FIRST SUPPLEMENTAL INDENTURE, dated as of February 1, 1998, by and among Crystal
Springs of Seattle, Inc., a corporation organized under the laws of the State of
Delaware, with its principal executive offices located at One Landmark Square,
Stamford, Connecticut 06901 ("Crystal Springs"), Crystal Springs Drinking Water,
Inc., a corporation organized under the laws of the State of Washington, with
its principal executive offices located at One Landmark Square, Stamford,
Connecticut 06901 ("Crystal Springs Drinking Water"), and Bankers Trust Company,
a New York Banking Corporation, as Trustee (the "Trustee"), under the Indenture,
dated as of November 19, 1997, between Sparkling Spring Water Group Limited (the
"Company"), the Subsidiary Guarantors named therein and the Trustee, pursuant to
which the Subsidiary Guarantors guaranteed the 11 1/2% Senior Subordinated
Notes of the Company issued as provided therein (the "Indenture"), reference to
which Indenture is hereby made, this indenture (the "First Supplemental
Indenture") being supplemental thereto (capitalized terms used herein without
definition shall have the respective meanings assigned thereto in the
Indenture):

         WHEREAS, pursuant to Section 4.19 of the Indenture, the Company and the
Subsidiary Guarantors named therein covenanted, among other things, that in the
event that the Company or any of its subsidiaries shall acquire another
subsidiary, then such other subsidiary shall execute and deliver to the Trustee
a supplemental indenture pursuant to which such other subsidiary shall
unconditionally guarantee all of the Company's obligations under the Notes and
the Indenture;

         WHEREAS, on December 16, 1997, Crystal Springs was formed as a
wholly-owned subsidiary of the Company;

         WHEREAS, on December 17, 1997, Crystal Springs acquired all of the
outstanding capital stock of Crystal Springs Drinking Water, a Washington
corporation;

         WHEREAS, Crystal Springs and Crystal Springs Drinking Water now desire
to supplement the Indenture and become Subsidiary Guarantors; and

         WHEREAS, the execution and delivery of this First Supplemental
Indenture have been duly authorized by the Board of Directors of Crystal Springs
and by the Board of Directors of Crystal Springs Drinking Water by appropriate
resolutions.

                                    ARTICLE I
                              SUBSIDIARY GUARANTORS

         Section 1. Crystal Springs covenants and agrees that it shall be a
Subsidiary Guarantor for all purposes of the Indenture to the same extent and as
if it were a party to the Indenture, and covenants and agrees to be bound by all
provisions of the Indenture.

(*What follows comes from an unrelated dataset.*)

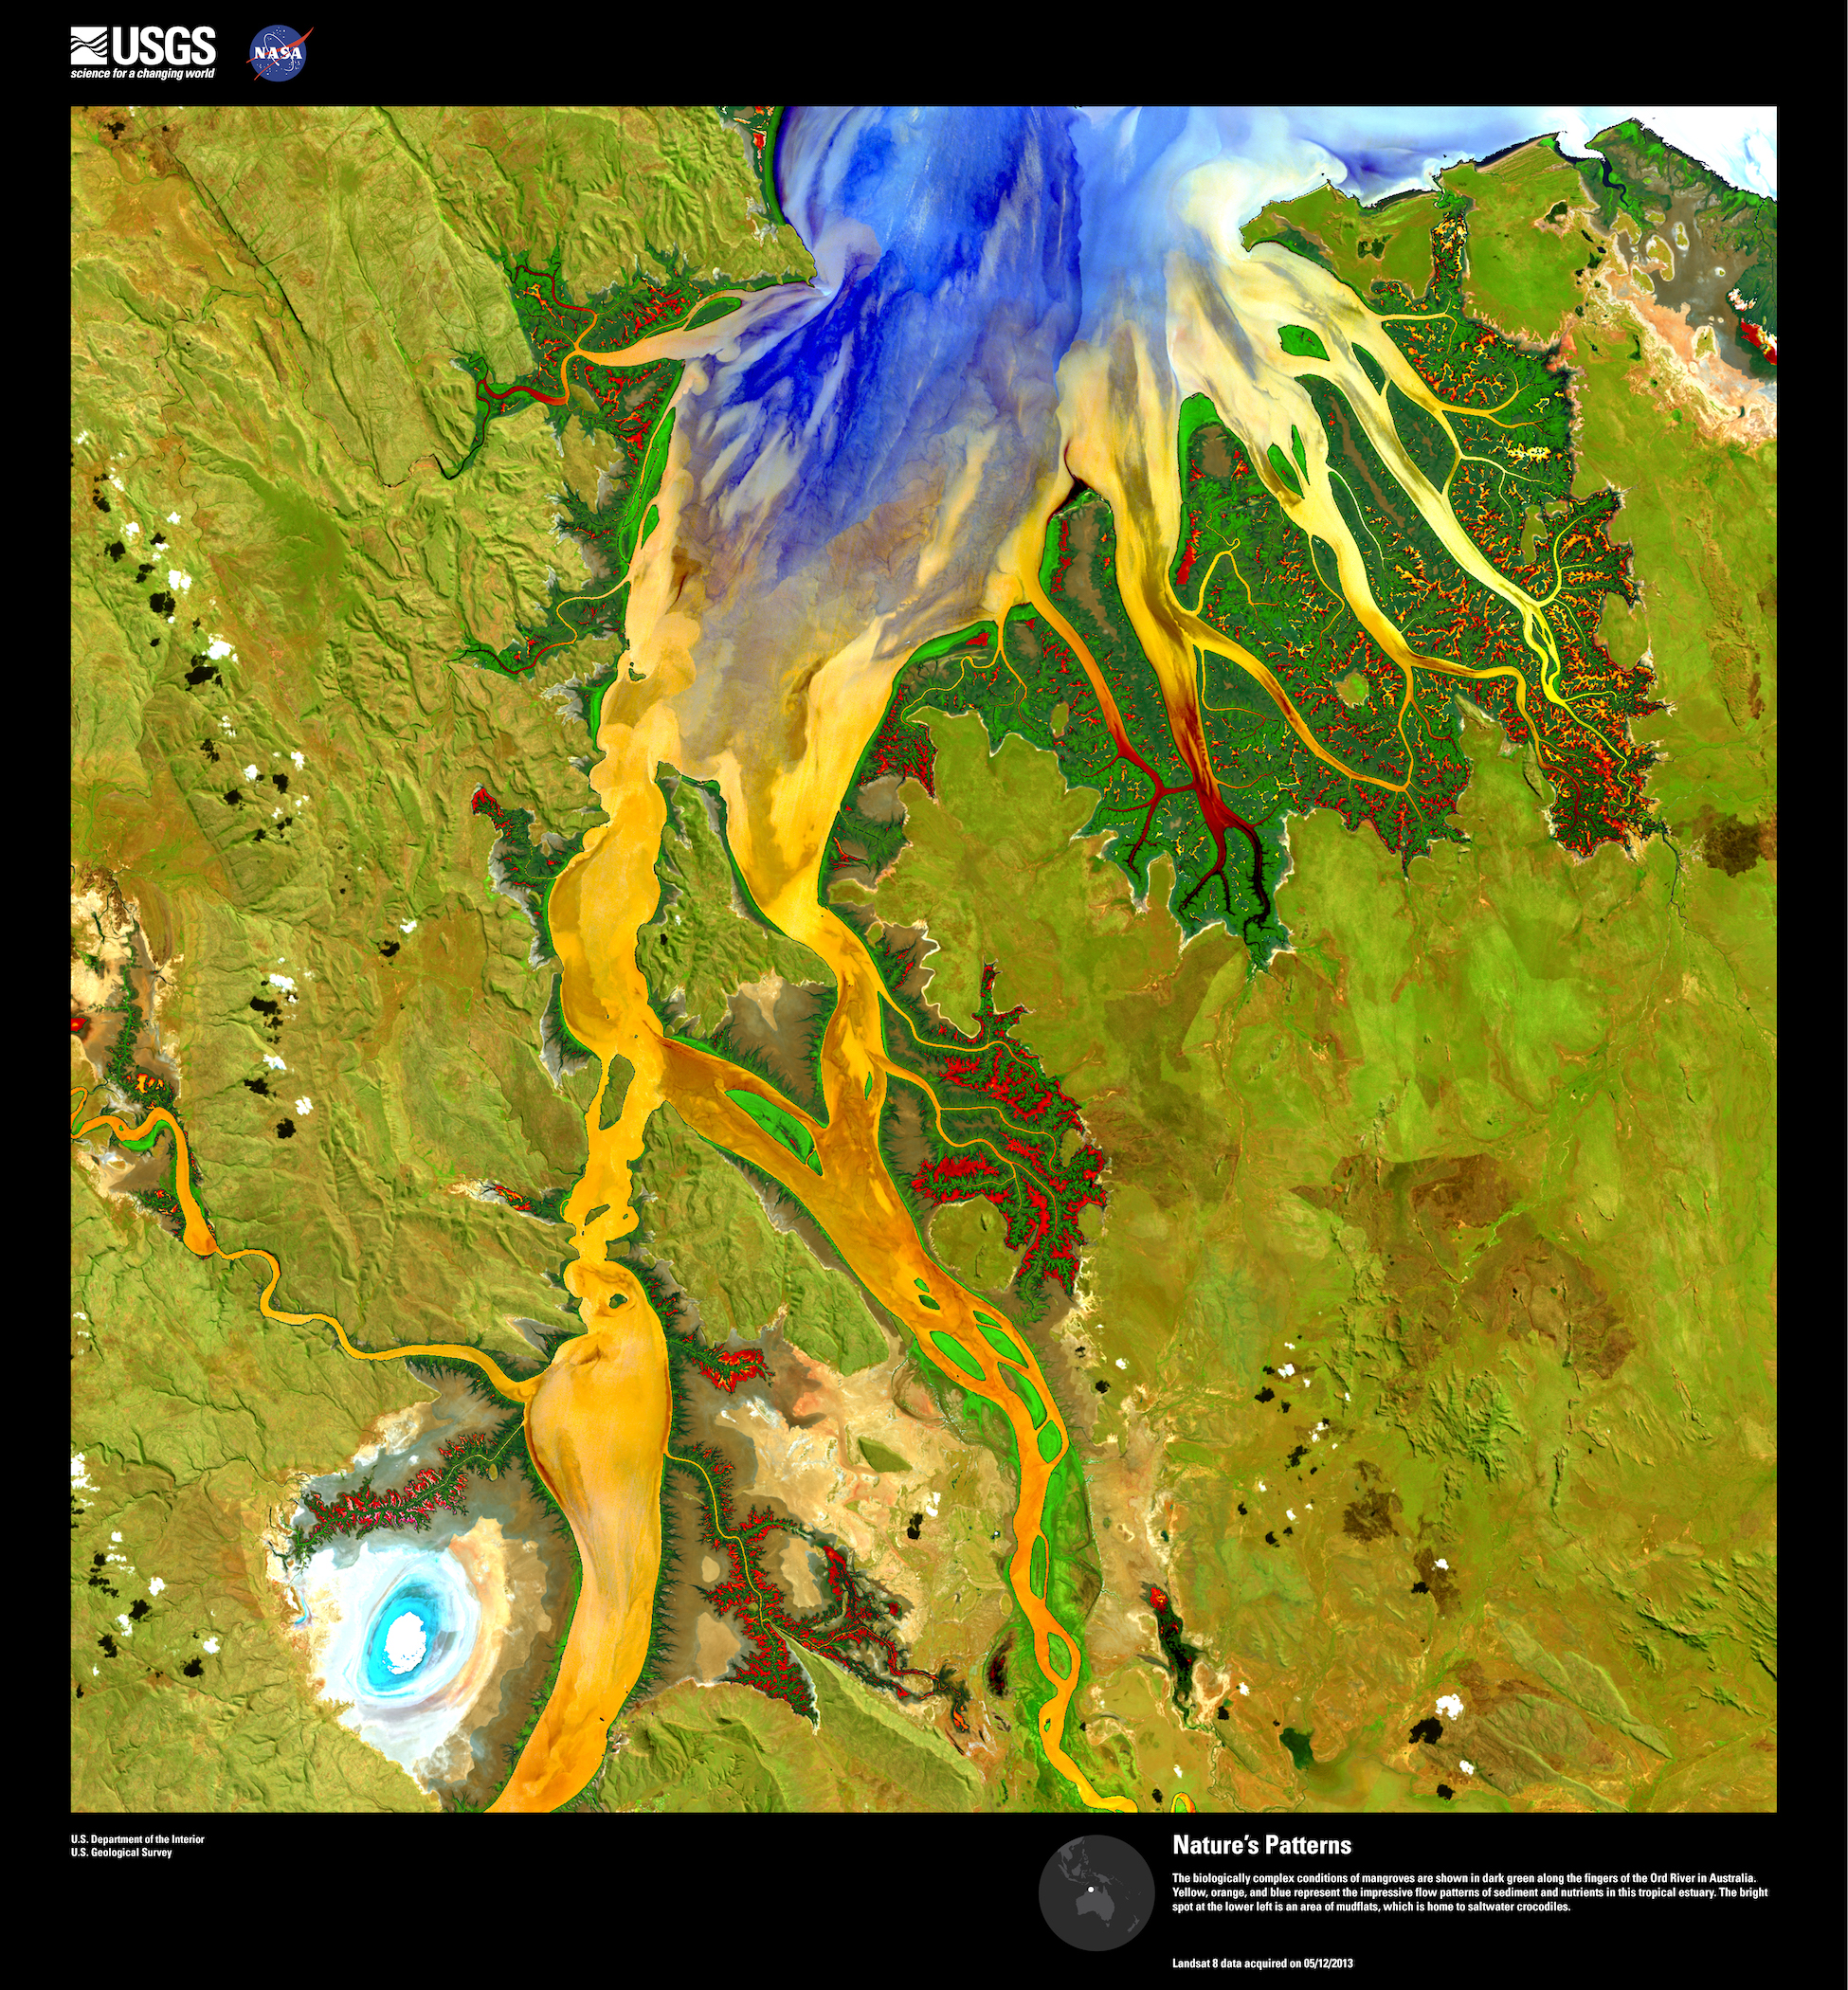 Obrázek 12: Satelitní snímek Landsat 8 řeky Old River v Austrálii zobrazená v tzv. nepravých barvách
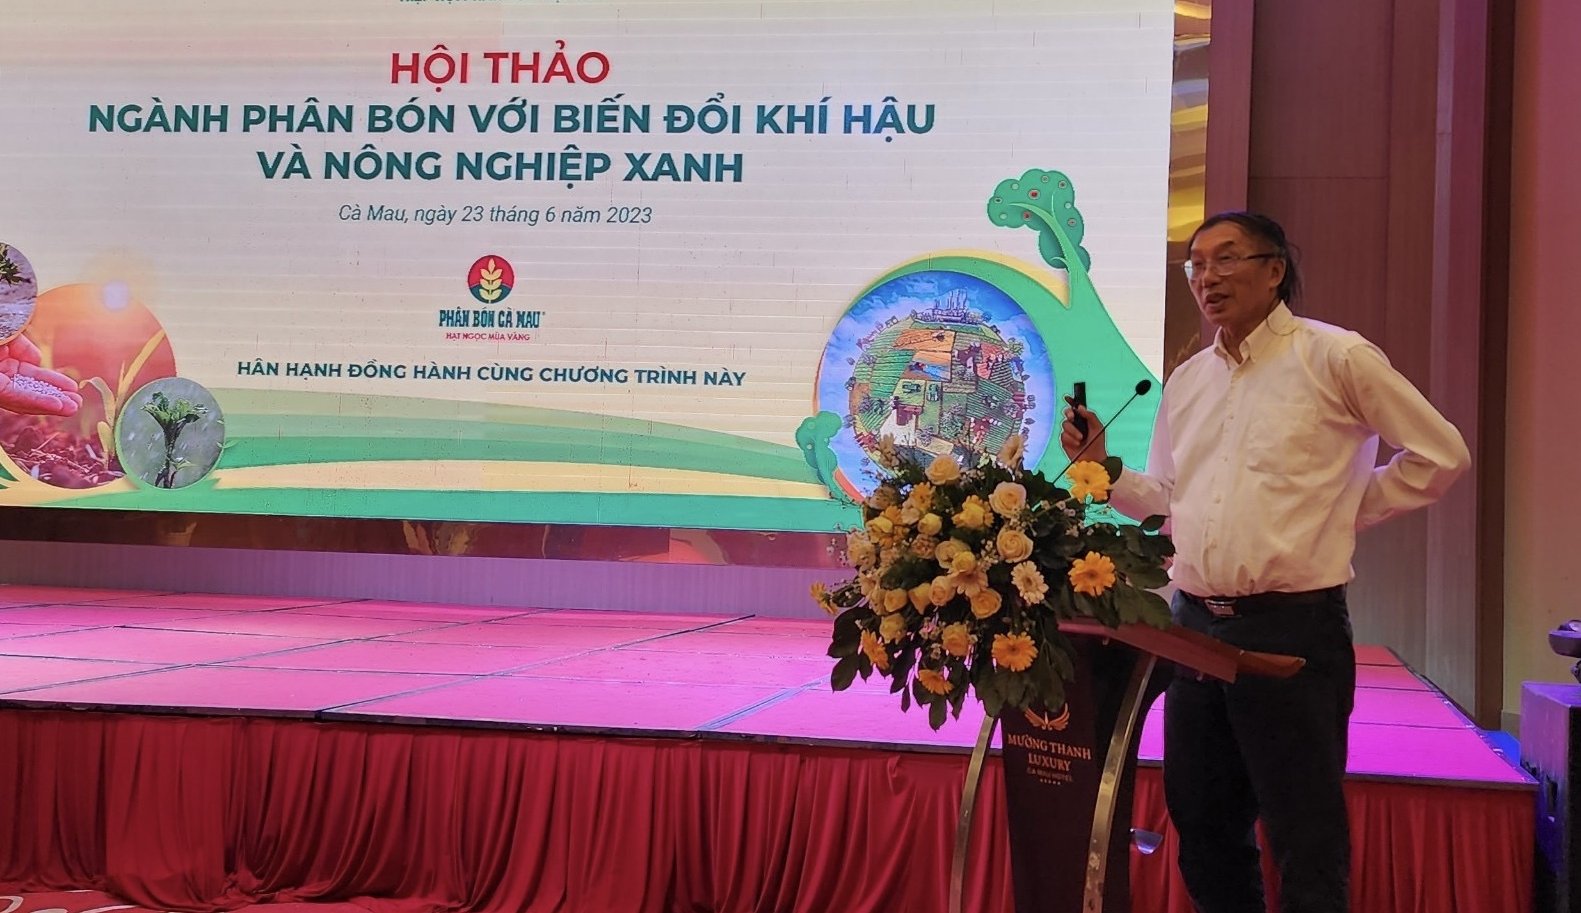 Theo TS Phùng Hà, Phó Chủ tịch, Tổng thư ký FAV, giảm phát thải trong ngành phân bón tại Việt Nam hiện nay là xu thế tất yếu nhưng cần lộ trình phù hợp. Ảnh: Nguyên Huân.

In furtherance thereof, Crystal Springs
unconditionally and irrevocably guarantees, on a senior subordinated basis, to
each Holder of a Note authenticated and delivered by the Trustee and to the
Trustee and its successors and assigns, irrespective of the validity and
enforceability of the Indenture, the Notes or the obligations of the Company or
any other Subsidiary Guarantor under the Indenture or thereunder to the same
extent as set forth in Section 12.01 of the Indenture. Crystal Springs covenants
and agrees that each Note shall have an executed Guarantee endorsed thereon
substantially in the form of Exhibit A hereto.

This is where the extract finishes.